Franca (2003), ao discutir os riscos da SBE, destaca que ela “tenta ‘clicherar’ o atendimento baseado unicamente em dados estatísticos, fugindo da avaliação da experiência pessoal e da capacidade de conduta do médico diante de cada caso”, ela desfaz o conceito de que “não existem doenças e sim doentes”. Deve-se atentar também para a sacralização do modelo de SBE em detrimento dos saberes tradicionais. Nesse sentido, Franca (2003) provoca reflexão ao apontar que as Ciências da Saúde

Não têm os rigores da exatidão matemática, nem se propõe a oferecer propostas exatas e uniformes. É ela a mais circunstancial das ciências, e o ato médico o mais condicional dos atos humanos. Por isso, o conhecimento médico nunca pode ser certo, mas apenas provável. Em Medicina – principalmente na clínica, porque é meramente arte -, o provável nunca é uma abstração, mas aquilo que está entre o possível e o real. Esta é a chamada “probabilidade objetiva”. A arte clínica é muito mais uma ordem do pensar do que do ser. Isto não faz o ato médico baseado na intenção menos importante do que aquele outro baseado na evidência (FRANCA, 2003).

Franca (2003) vai além ao afirmar que a própria noção de evidência,

Tal qual vem sendo colocada aqui, já se mostra inconsistente, pois se diz que algo é evidente quando prescinde de prova ou quando dispensa uma justificação. Evidente é o que se mostra notório. A evidência é inimiga da prova. Ela é a consagração da verdade. Assim, o importante é saber o que se pode considerar como “evidência” e quem a determina como “fato concreto”.

Por outro lado, dizer que evidência em Medicina são “dados e informações que comprovam achados e suportam opiniões”, não oferece a segurança que se espera.

Como qualificar uma Medicina que se diz evidente, racional e científica quando ela depende tão-só de percentuais levantados em dados estatísticos? E o que fazer, por exemplo, quando se sabe que há tópicos da Medicina prática para os quais não se conta com nenhuma evidência convincente?

Até podemos entender que muitas das decisões tomadas em epidemiologia clássica sejam baseadas em dados estatísticos, na tentativa de se criarem novas “evidências”

para a prática das ações em Medicina preventiva. Mas daí dizer que tal lógica deve conduzir e definir as questões de natureza clínica parece um exagero. Primeiro, a clínica trata das consequências e a epidemiologia das causas; depois, na clínica o centro do interesse está no prognóstico através da prevenção secundária e terciária e, na epidemiologia, nos fatores de risco na prevenção primária; e, por fim, a clínica baseia-se num raciocínio dedutivo (da doença para o caso concreto) e a epidemiologia num raciocínio indutivo (dos casos para a doença) evidência (FRANCA, 2003).

É preciso acrescentar ainda que

Um dos óbices à incorporação da Medicina baseada em evidências é a falta de condições de acesso às publicações tidas de qualidade e conceitos garantidos, que se multiplicam no mundo inteiro, e de análise crítica dos artigos e matérias de periódicos, quando o profissional não estaria em condições de elaborar suas próprias conclusões.

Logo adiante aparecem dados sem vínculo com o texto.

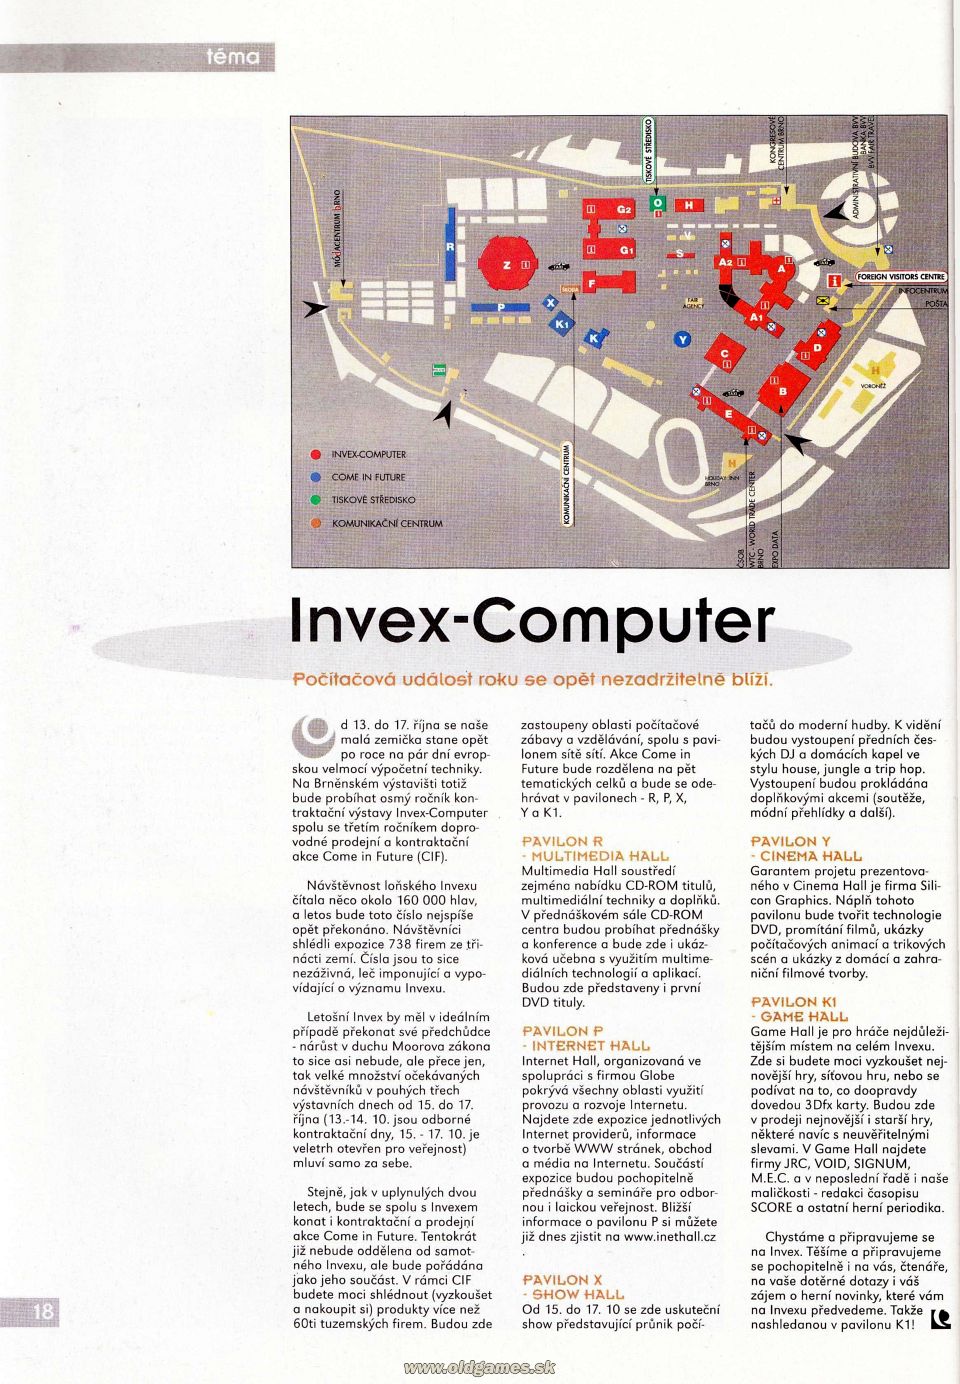 Invex-Computer

Ao lado disto, uma galopante e progressiva enxurrada de publicações de qualidade duvidosa, verdadeiro entulho científico, em que se impõem critérios em conceitos e condutas de importância relativa (FRANCA, 2003).

É preciso deixar claro que o exercício teórico de problematizar o uso das evidências, não tem o objetivo de colocar em xeque sua importância. A proposta, no entanto, é chamar a atenção para a coexistência de outros saberes e práticas que nem sempre são passíveis de serem lidos e interpretados através da lente científica, mas que em determinados contextos são tão importantes quanto àqueles oriundos da pesquisa científica.